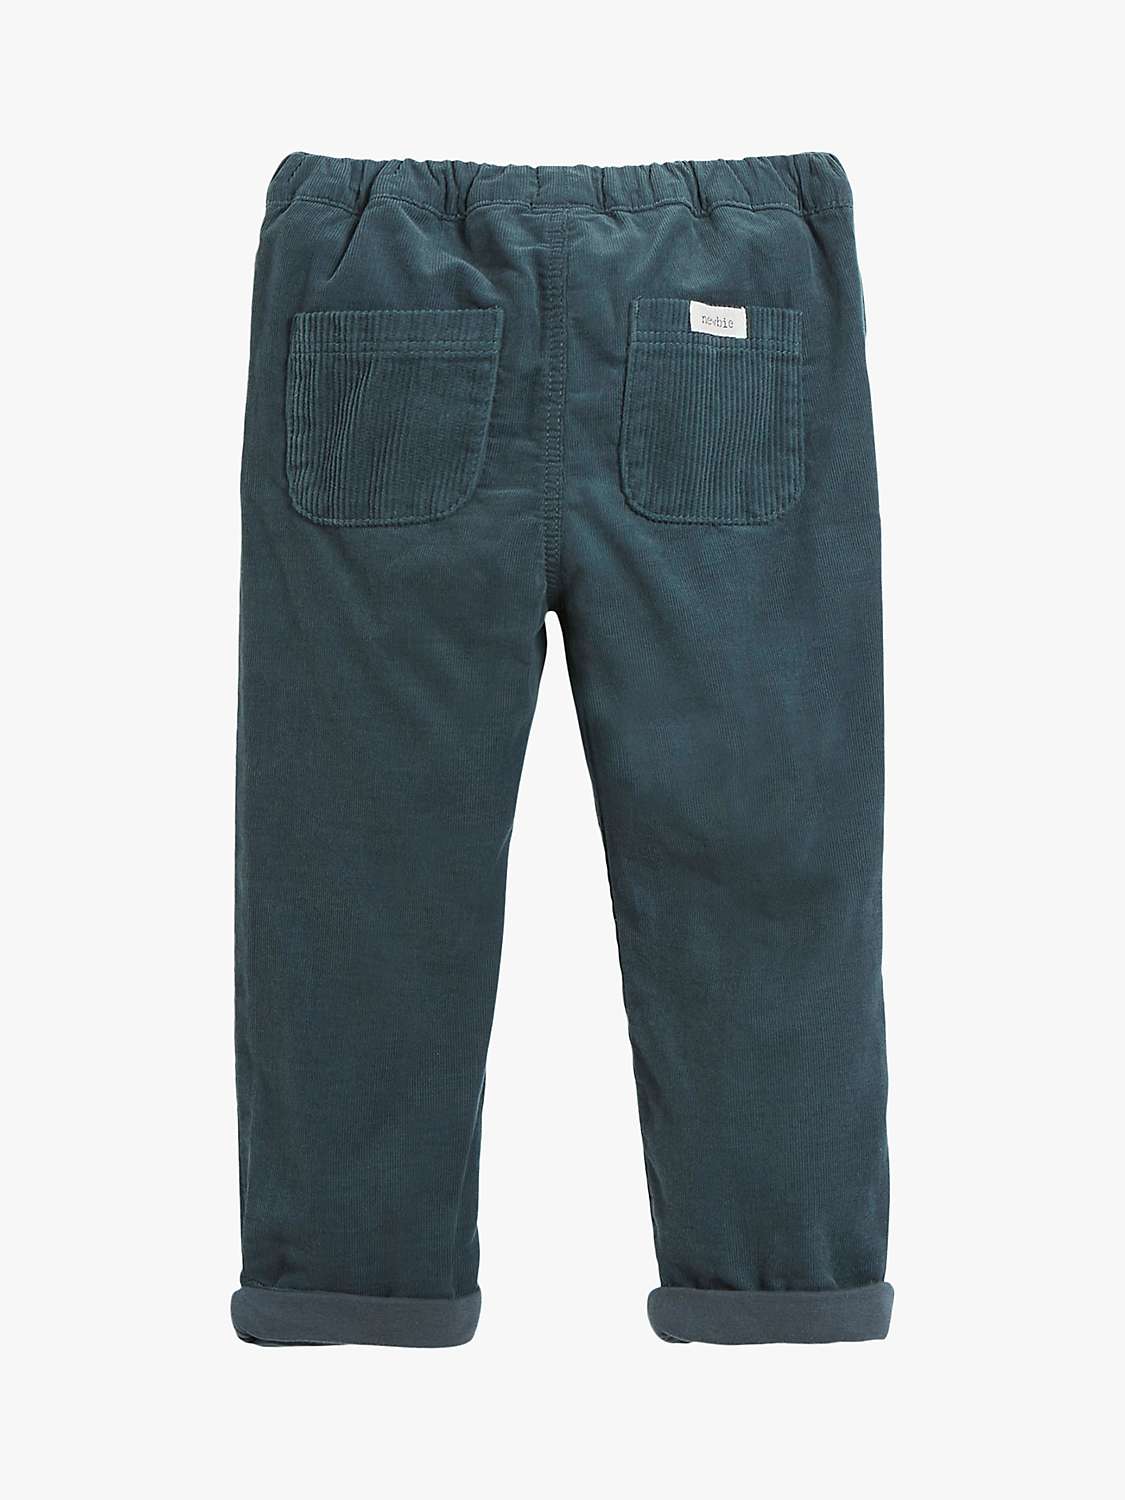 Buy Newbie Kids' Plain Corduroy Trousers, Dark Slate Online at johnlewis.com
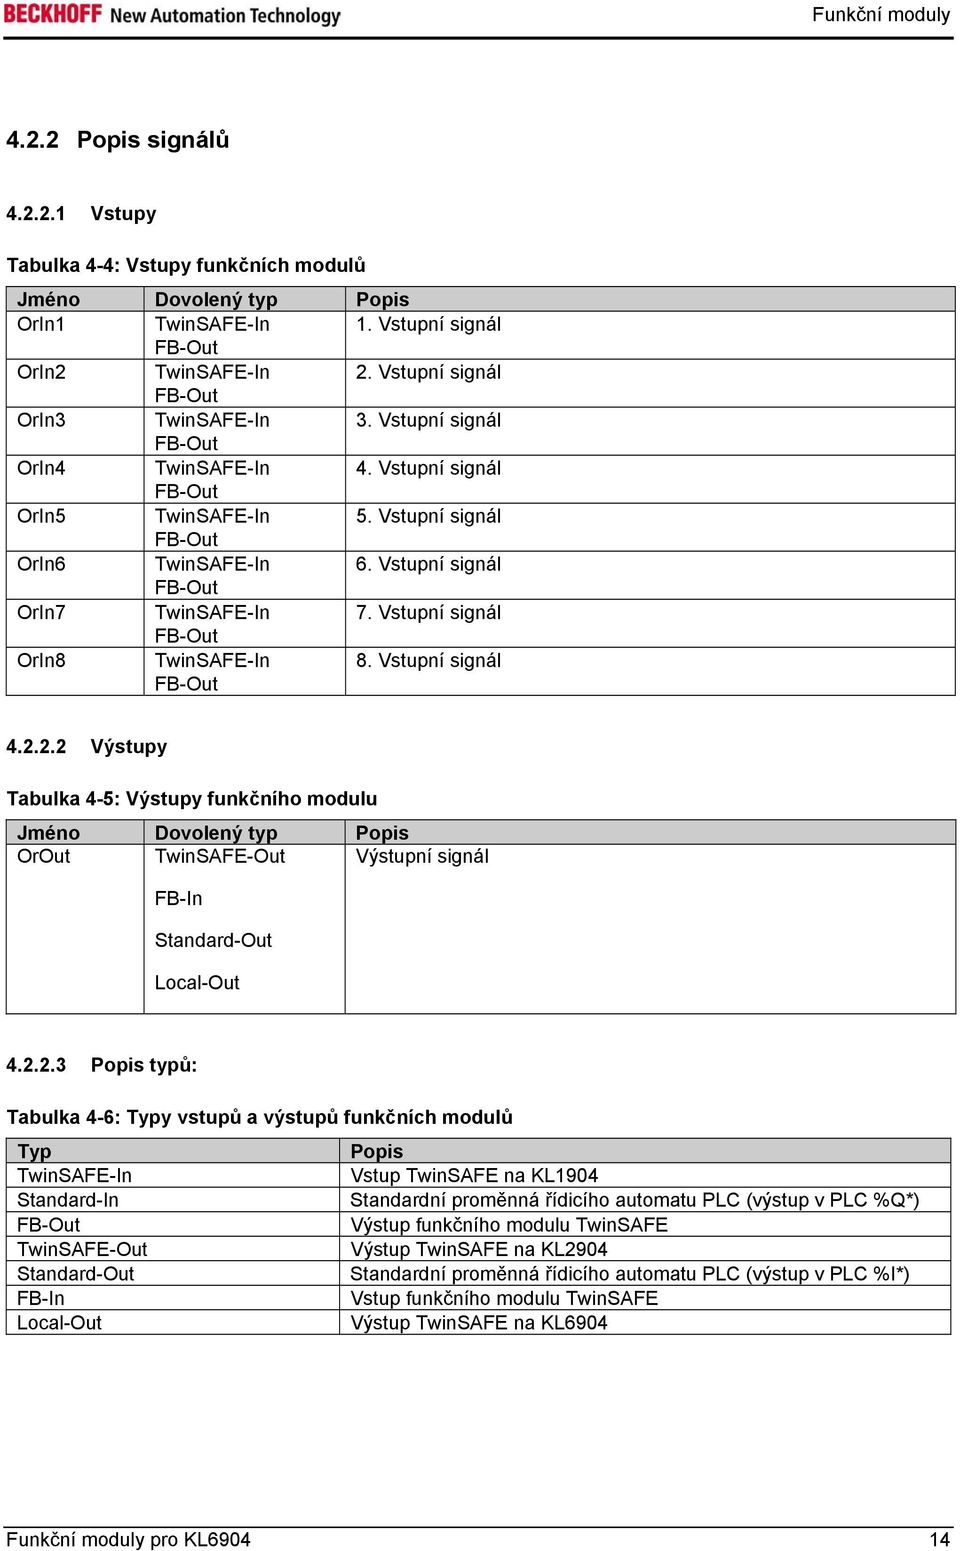 2.2 Výstupy Tabulka 4-5: Výstupy funkčního modulu Jméno Dovolený typ Popis OrOut TwinSAFE-Out Výstupní signál 4.2.2.3 Popis typů: Tabulka 4-6: Typy vstupů a výstupů funkčních modulů Typ Popis Vstup
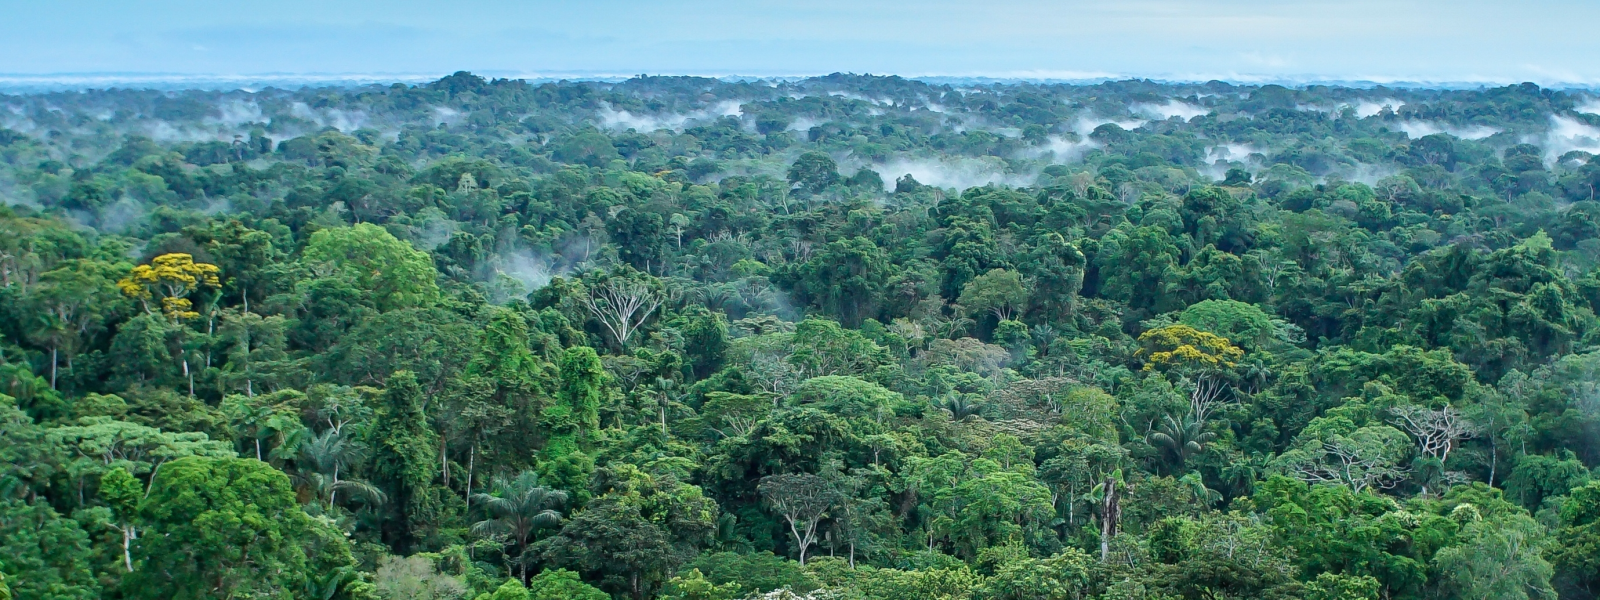 Paisaje de la selva amazónica en el Parque Nacional Yasuní, Ecuador
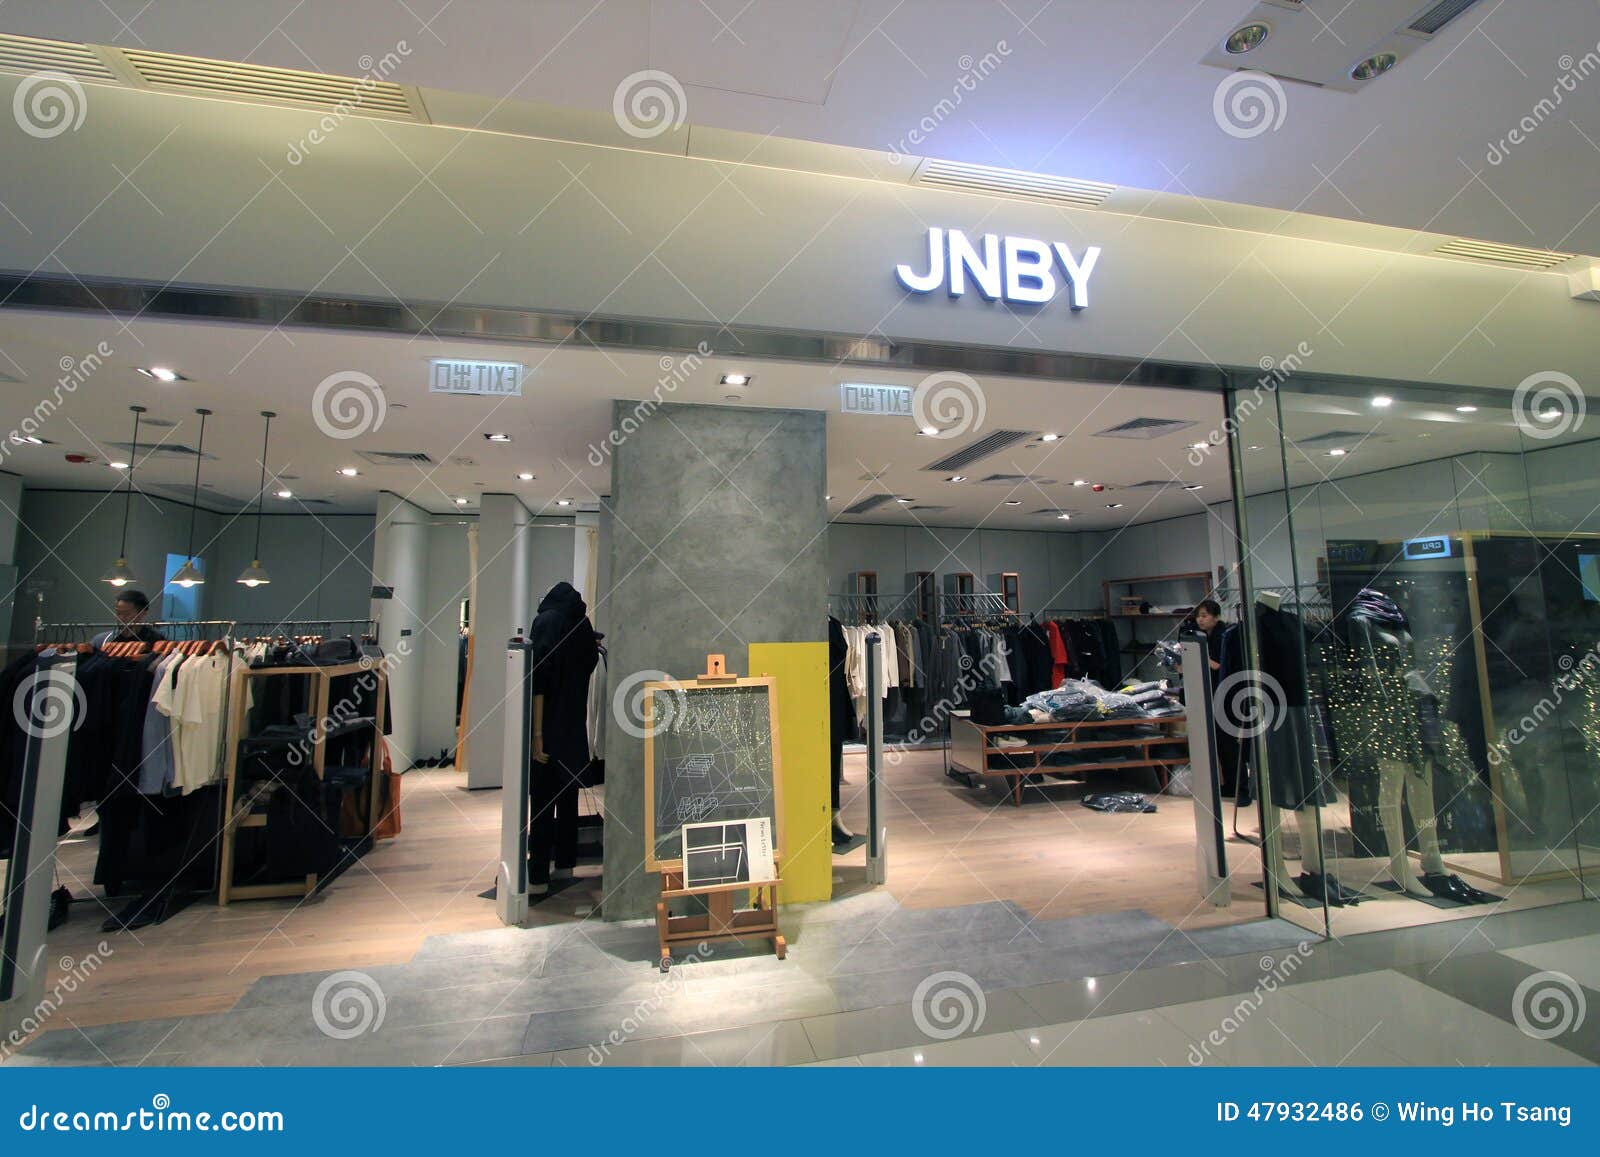 Jnby Shop In Hong Kong Editorial Photo - Image: 47932486
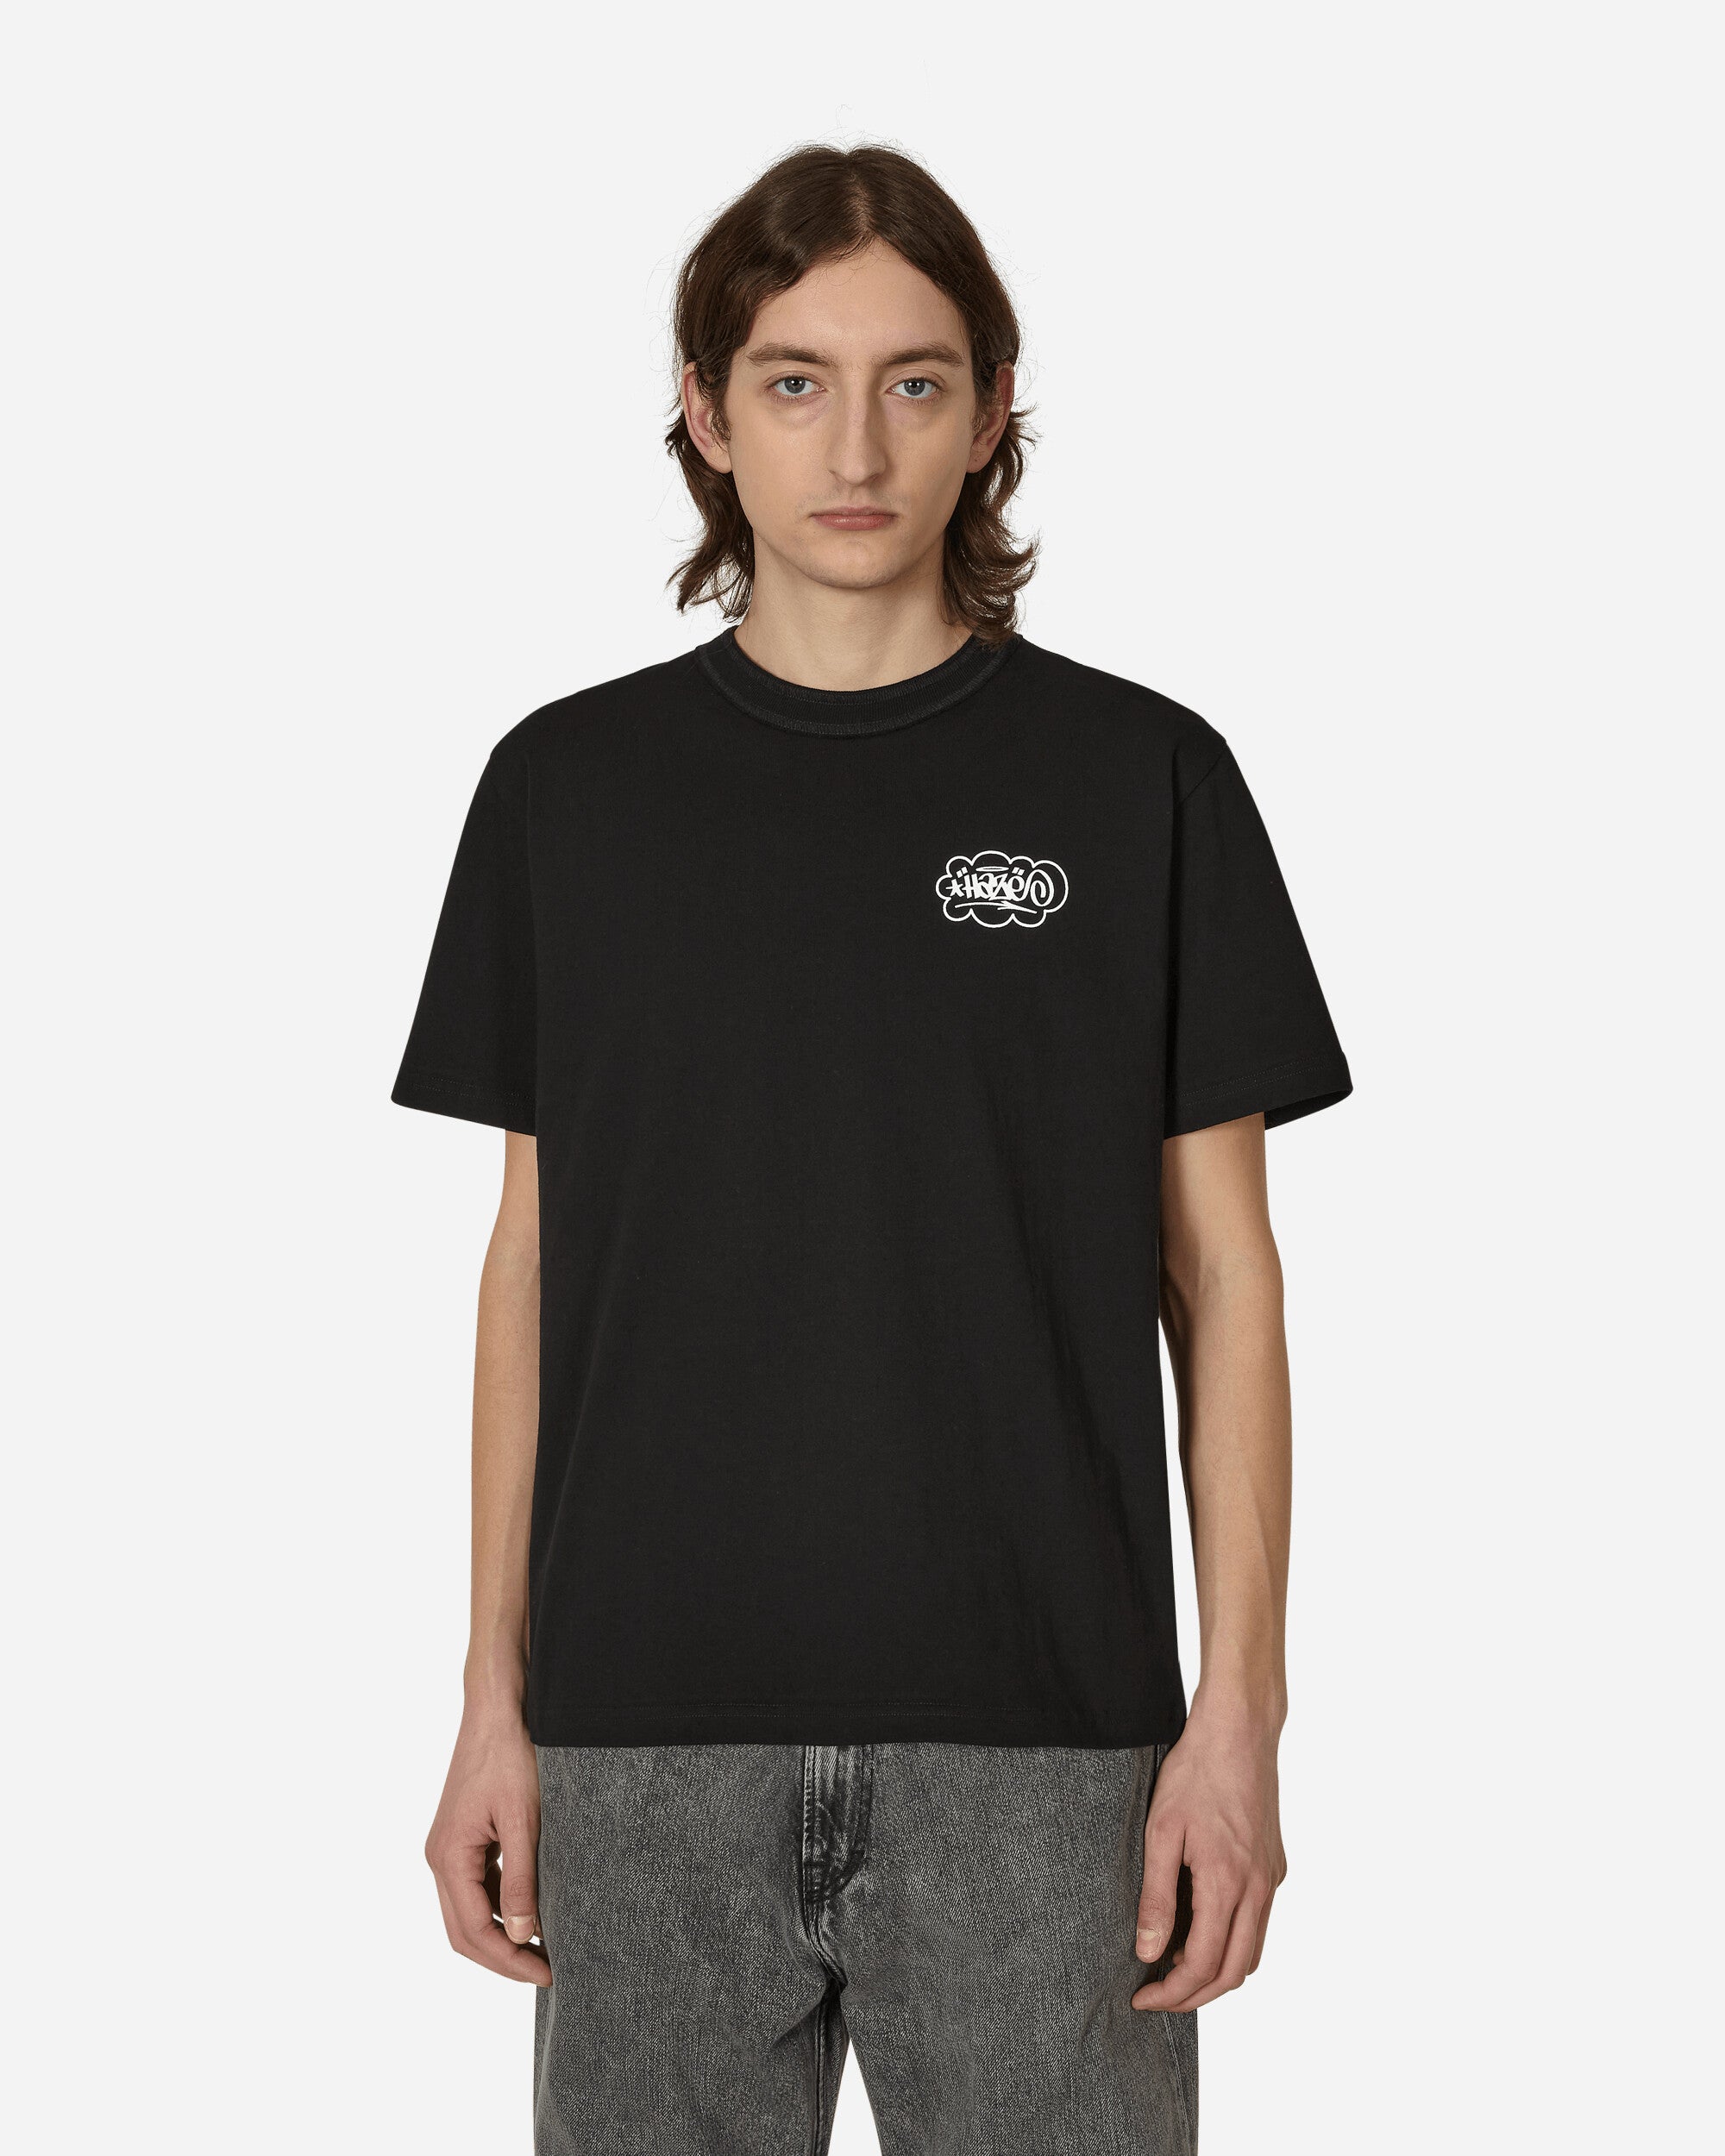 Eric Haze T-Shirt Black

++++

**WHAT IS EXPECTED**
Retype exactly the lines from the line containing "2.2 Výstupy Tabulka" through the end of the entries above, including both ends, and leave every picture out.

**RESULT**
 2.2 Výstupy Tabulka 4-5: Výstupy funkčního modulu Jméno Dovolený typ Popis OrOut TwinSAFE-Out Výstupní signál 4.2.2.3 Popis typů: Tabulka 4-6: Typy vstupů a výstupů funkčních modulů Typ Popis Vstup
 Paisaje de la selva amazónica en el Parque Nacional Yasuní, Ecuador
 Jnby Shop In Hong Kong Editorial Photo - Image: 47932486
 Eric Haze T-Shirt Black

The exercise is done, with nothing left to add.